Abstract: It is known that particle accelerators are subject to severe limitations that impede the attainment of very cold and dense beams of charged particles. These limitations are due to inter-particle Coulomb interaction: intrabeam scattering and space-charge effects.

There has been recent interest in the feasibility of producing a Crystalline Beam. This is a spatially ordered ensemble of particles having very small velocity fluctuations relative to each other. Such a state may be obtainable from an ordinary warm beam through the application of intense phase-space cooling (e.g., stochastic, electron, laser).

Crystalline Beams represent the ultimate in the control of space-charge effects. The study, and eventual demonstration of Crystalline Beams may lead to a variety of other applications, and will certainly provide a deeper insight into the fundamental limitations of storage rings and particle colliders.
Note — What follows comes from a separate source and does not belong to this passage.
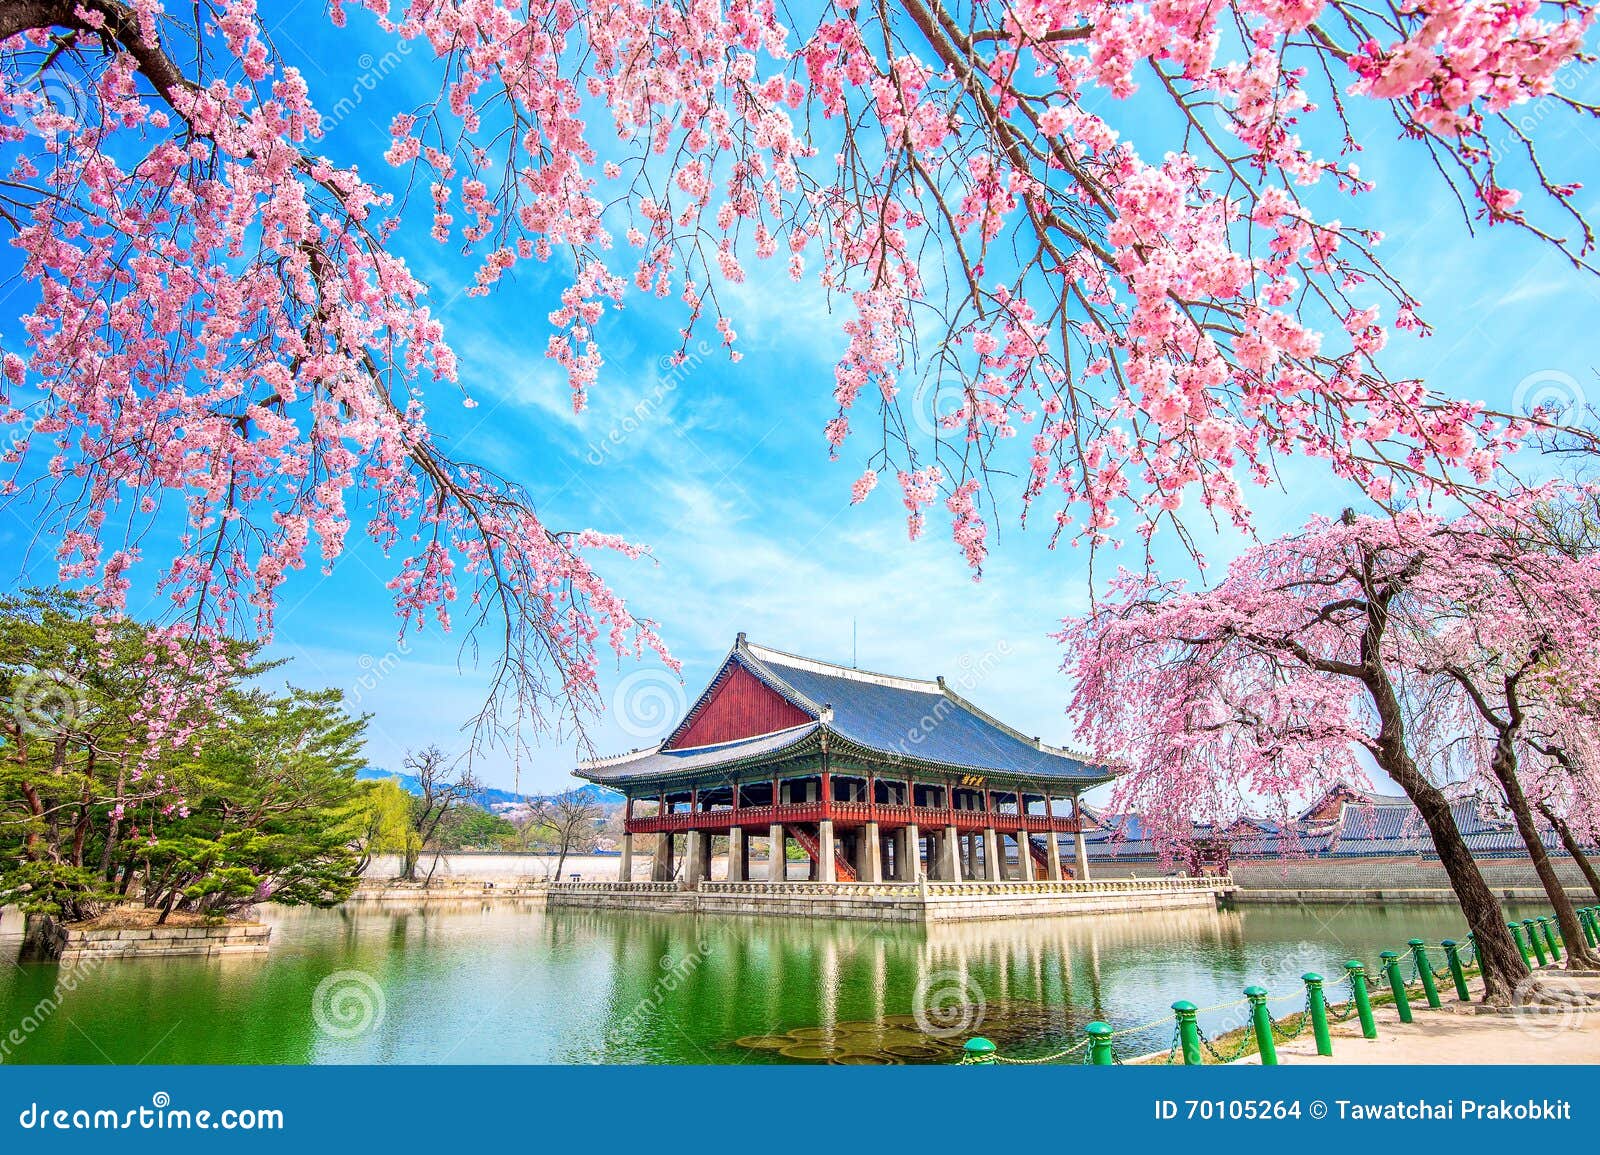 gyeongbokgung palace with cherry blossom in spring, korea.
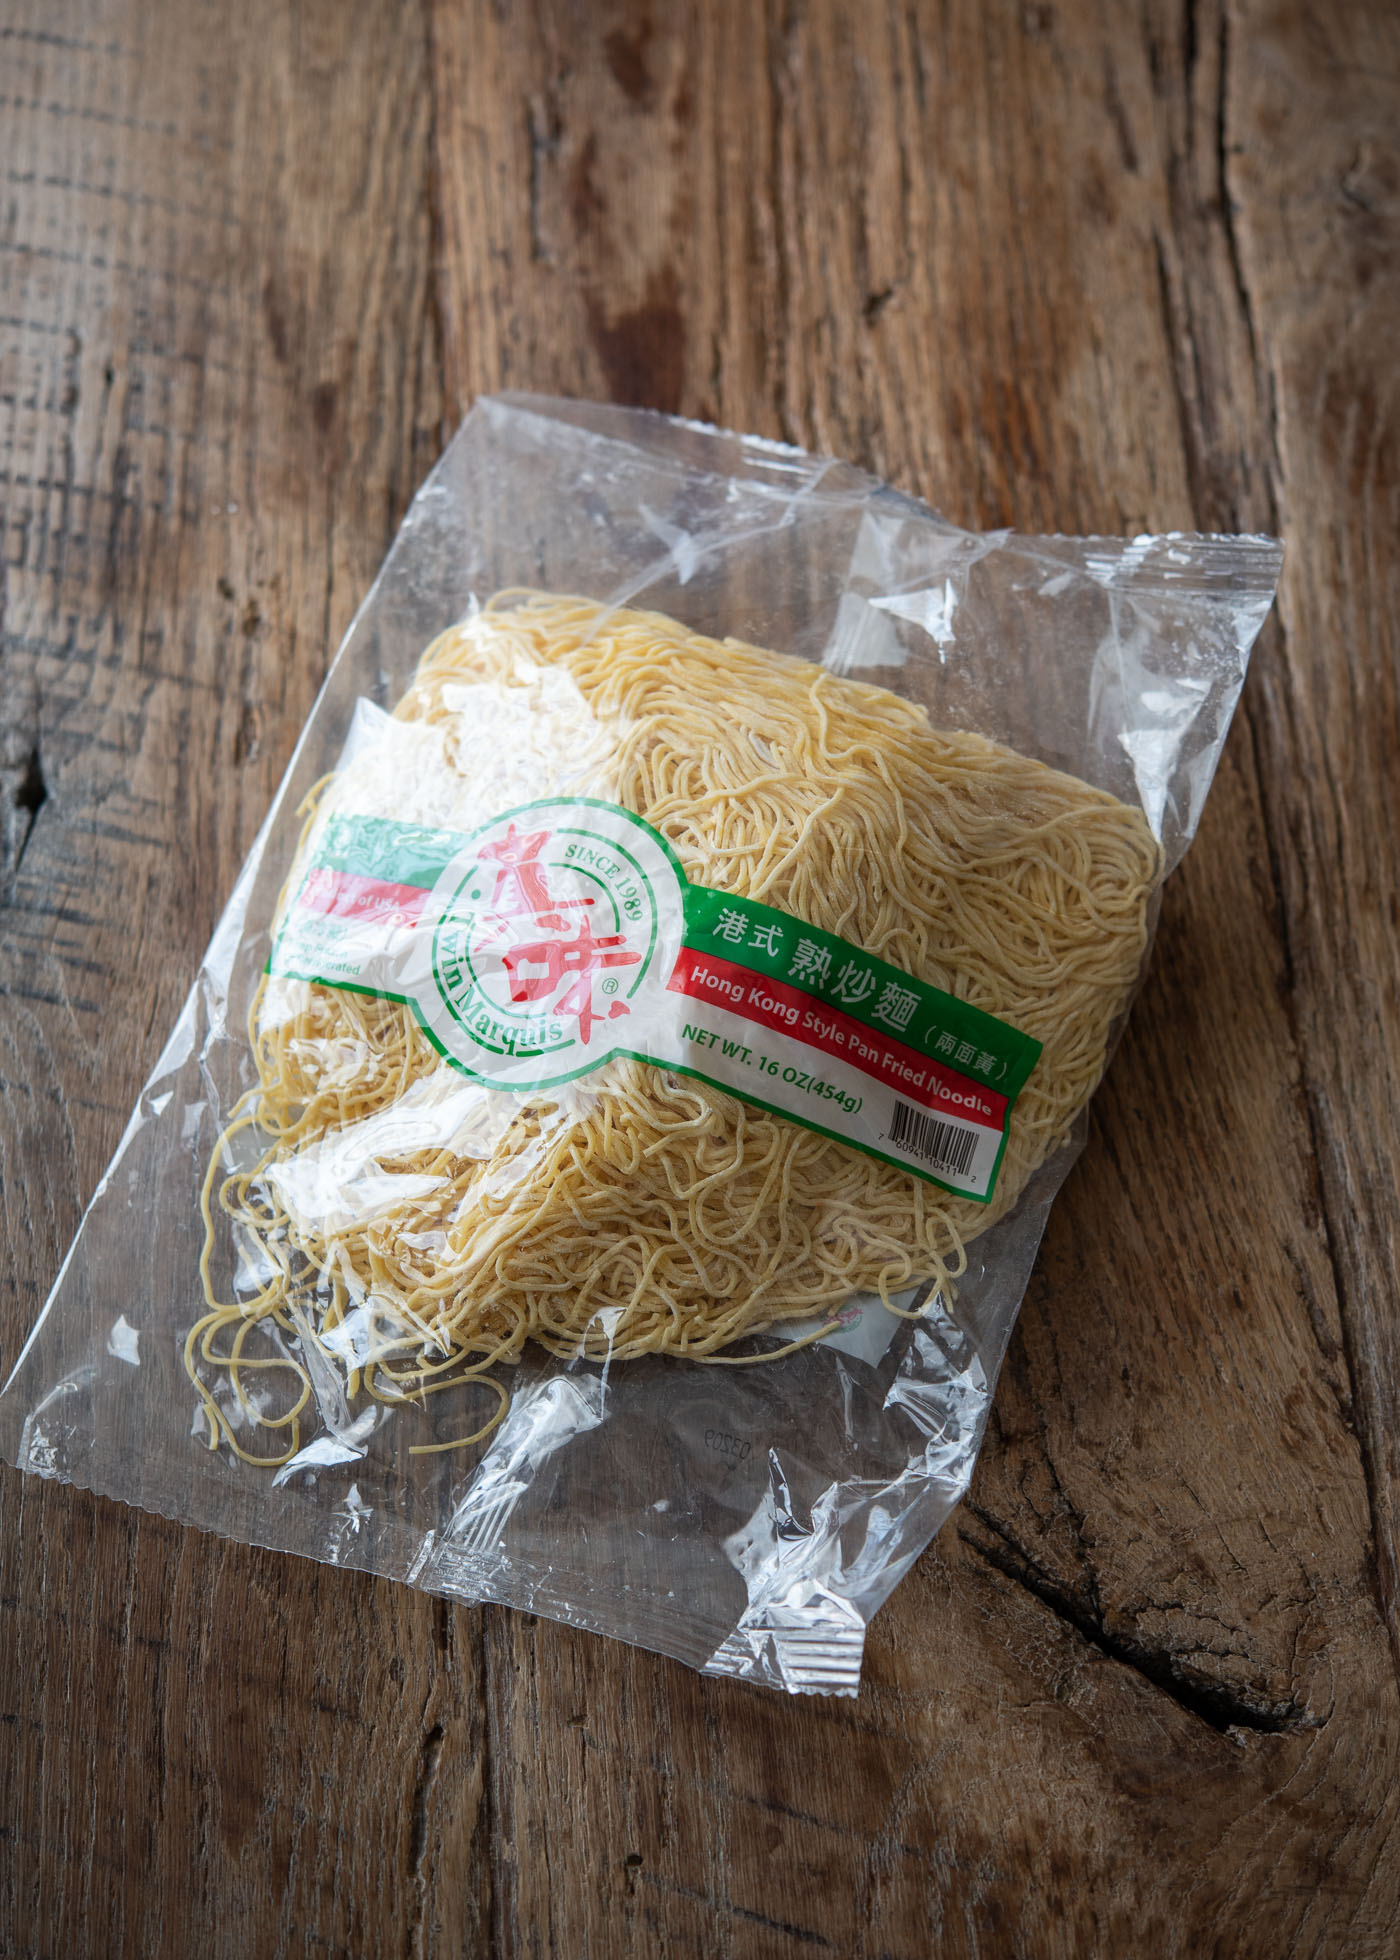 A package of fresh Hong Kong pan fried noodles is placed on a counter.

The starting point is to understand the present limitations due to space-charge effects of ordinary "warm" beams of charged particles, notably in low-energy storage rings for light and heavy ions (including, of course, protons). The common case of interest is storage rings operating below the transition energy. Cooling techniques are the method to decrease the temperature and the density of the ion beam to a level where transient effects are noticeable, caused by the balance of the space charge forces, intrabeam scattering, and cooling. During the transition, the behavior of intrabeam scattering may at first sight be described as anomalous; but its complete understanding requires a refinement of the theory with a re-evaluation of the range of impact parameters. Space-charge forces themselves can no longer be described by a continuous charge distribution; but the corpuscular aspect of the beam has to be taken into account.

Finally, if the cooling rate is sufficiently high the beam may collapse toward an equilibrium configuration that would be the result of the particle-particle Coulomb repulsive forces balanced by the confinement forces of the storage ring. This configuration would yield Crystalline Beams; the shape and feasibility of which depend on the properties of the storage ring lattice, which is focussing and bending.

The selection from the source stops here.